小田急の「新拠点」海老名駅の知られざる裏側 海老名本社が入るビルに「乗務所」 相鉄乗り換え以外の需要も拡大
神奈川県海老名市にある小田急電鉄の海老名駅は新宿から42.5km、小田原線新宿―小田原間(82.5km)のほぼ中間に位置する。かつて駅周辺は田畑や空き地が広がるばかりだったが、いまは大型商業施設とタワーマンションが建ち並ぶ。「住みたい街」のランキングでもつねに上位に顔を出す街の中心となる駅だ。 【写真をすべて見る】小田急線を支える舞台裏を独占取材。海老名駅の移転したばかりの「信号所」も初公開。海老名乗務所の宿泊室は昔のイメージとまったく異なる最新設備。 ■ホームに流れる「いきものがかり」 海老名という地名を聞いて思い浮かべるのは、東名高速道路のサービスエリア(SA)という人は多いかもしれない。利用者数は日本一。名物のメロンパンが人気の観光スポットの一面もある。海老名SAから北へ2~3km、鉄道の駅の地位も向上している。

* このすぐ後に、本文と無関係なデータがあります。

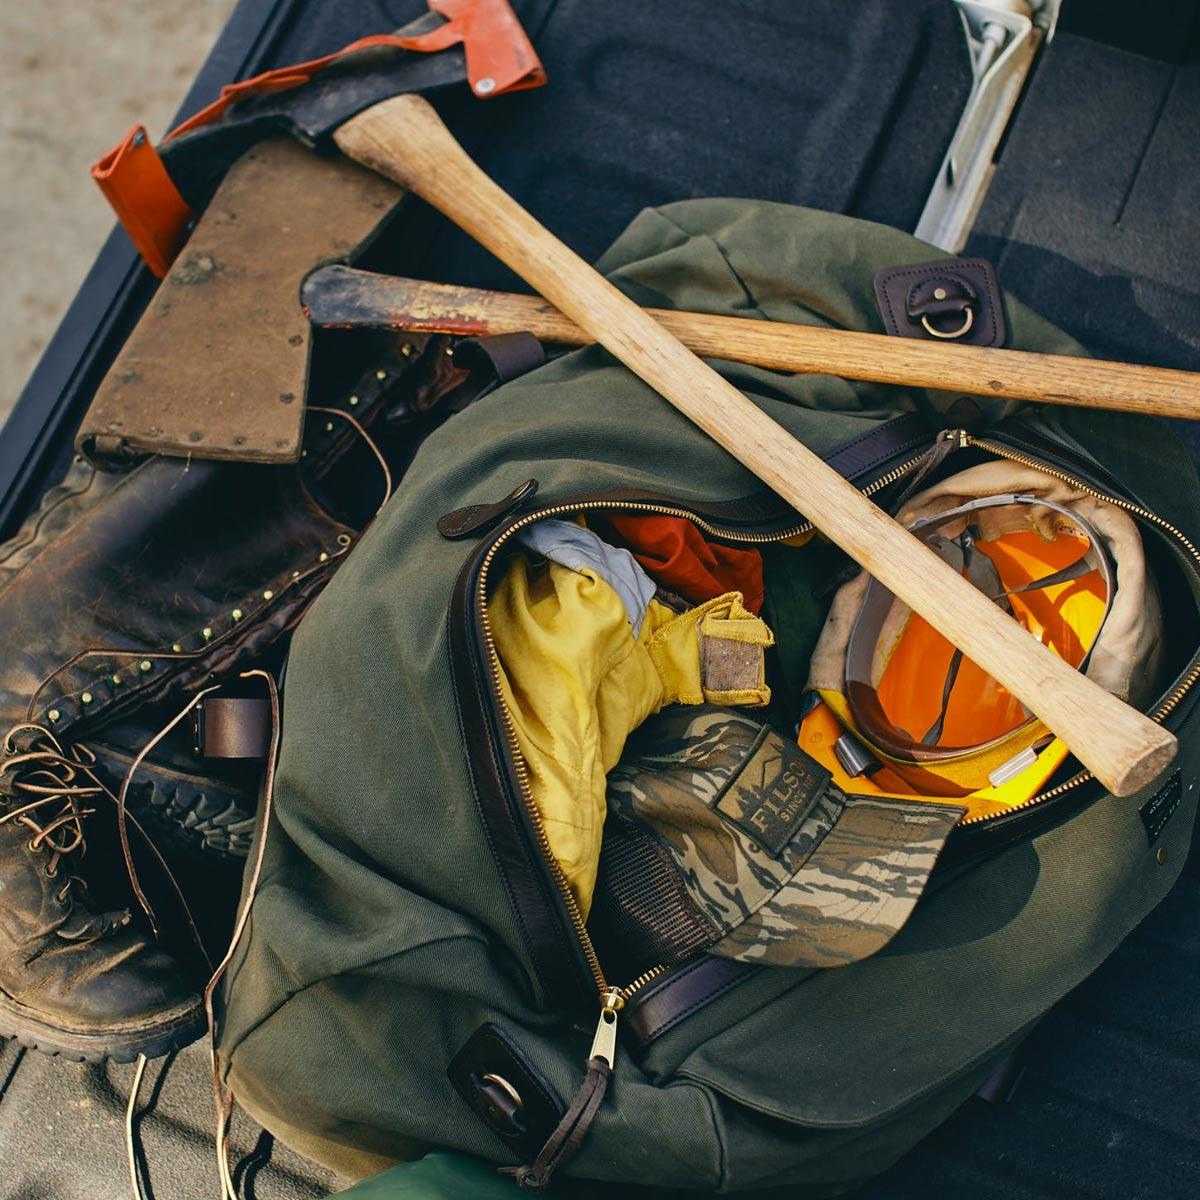 Filson Duffle Medium Otter Green, stoere duffel die voldoet aan de maximale handbagage afmetingen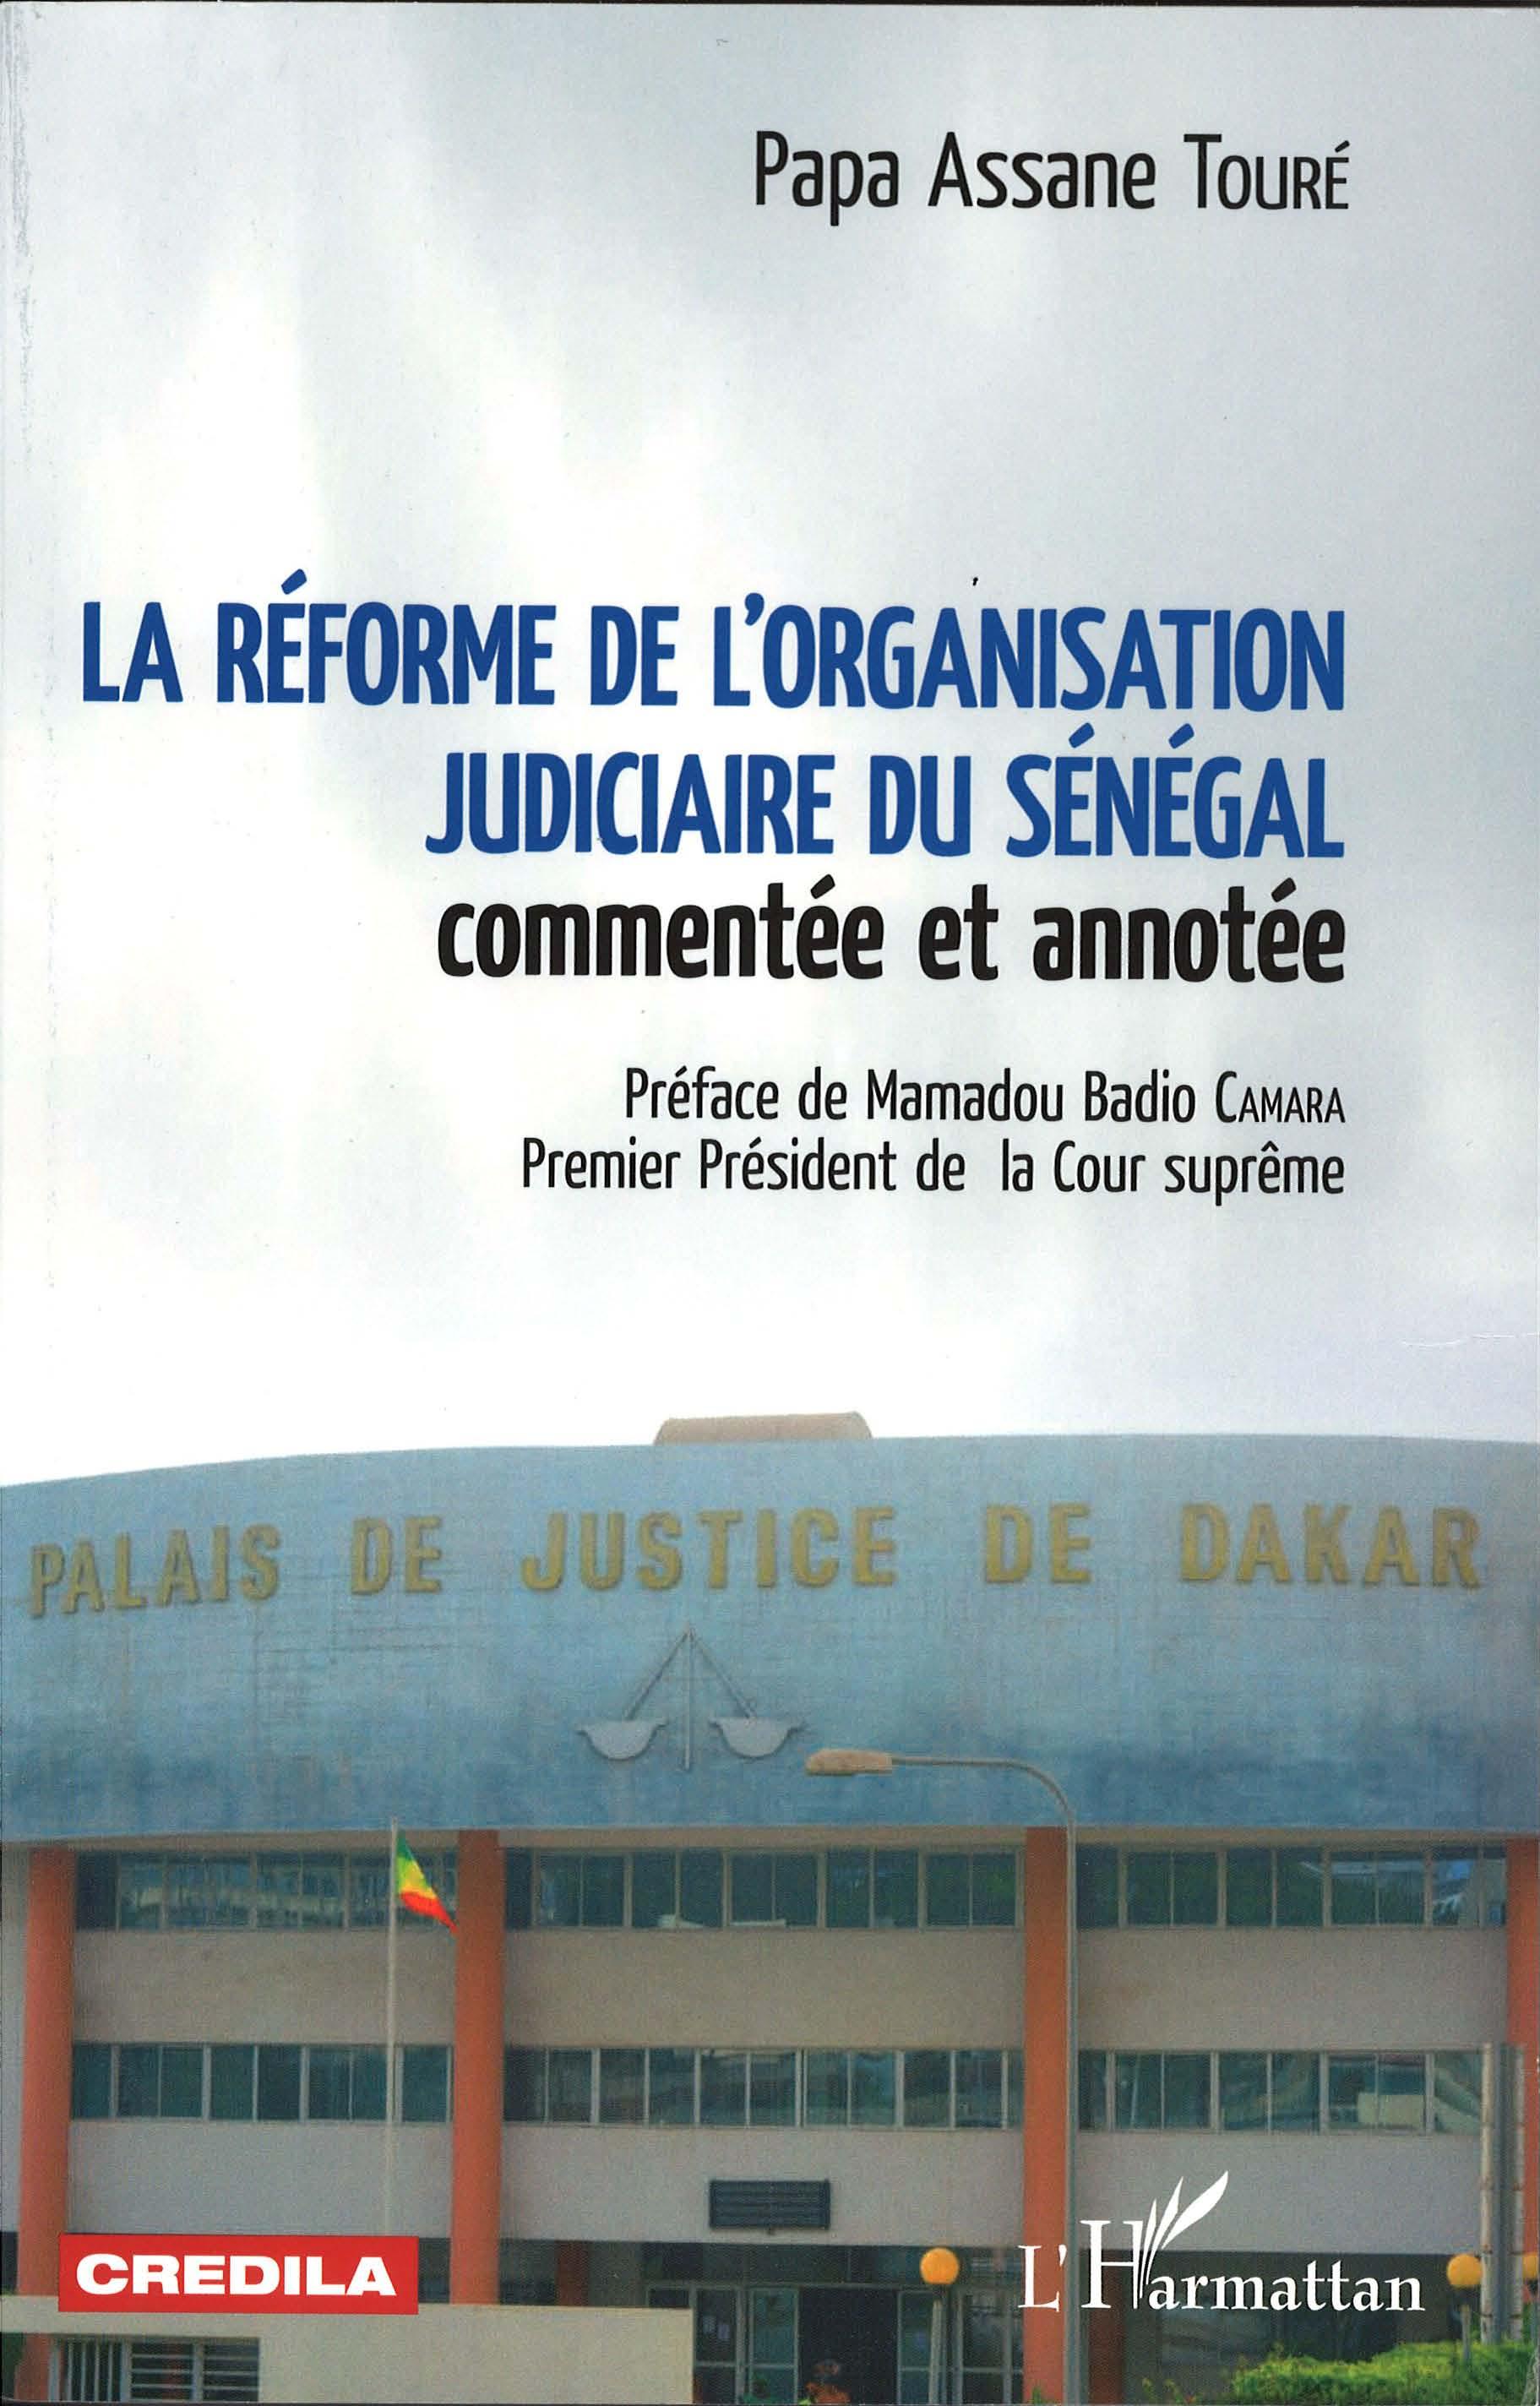 La réforme de l'organisation judiciaire du Sénégal commentée et annotée

小田急の海老名駅は2面4線のホーム。特急「ロマンスカー」の一部も停車する。列車接近時には地元ゆかりの音楽グループ「いきものがかり」の楽曲を用いたメロディが流れる。橋上に中央改札と西口改札があり、どちらからもペデストリアンデッキで駅の東西と行き来できる。改札内と改札外の2カ所で「箱根そば」が営業している。 2022年度の1日平均乗降人員は12万3222人。小田原線・江ノ島線・多摩線を合わせた計70駅のなかで6位に位置する。
海老名には相模鉄道の相鉄本線と、少し離れてJR相模線が乗り入れる。相鉄本線は横浜―海老名間24.6kmを結ぶ。海老名駅は頭端式ホーム1面2線。JR直通線と東急直通線の開業により、新宿や西高島平など、さまざまな行き先の電車を見るようになった。2023年春には小田急の改札と反対側の横浜方に北口が誕生した。駅改良工事も続いている。 ■乗換駅として設置 小田急・相鉄両線の開業当初、海老名駅は存在しなかった。1926年、相鉄本線の前身にあたる神中鉄道が二俣川―厚木間の営業を開始。翌1927年には小田原急行鉄道が小田原線の新宿―小田原間を一気に開通させた。神中鉄道には相模国分、小田急には海老名国分という名称の駅があった。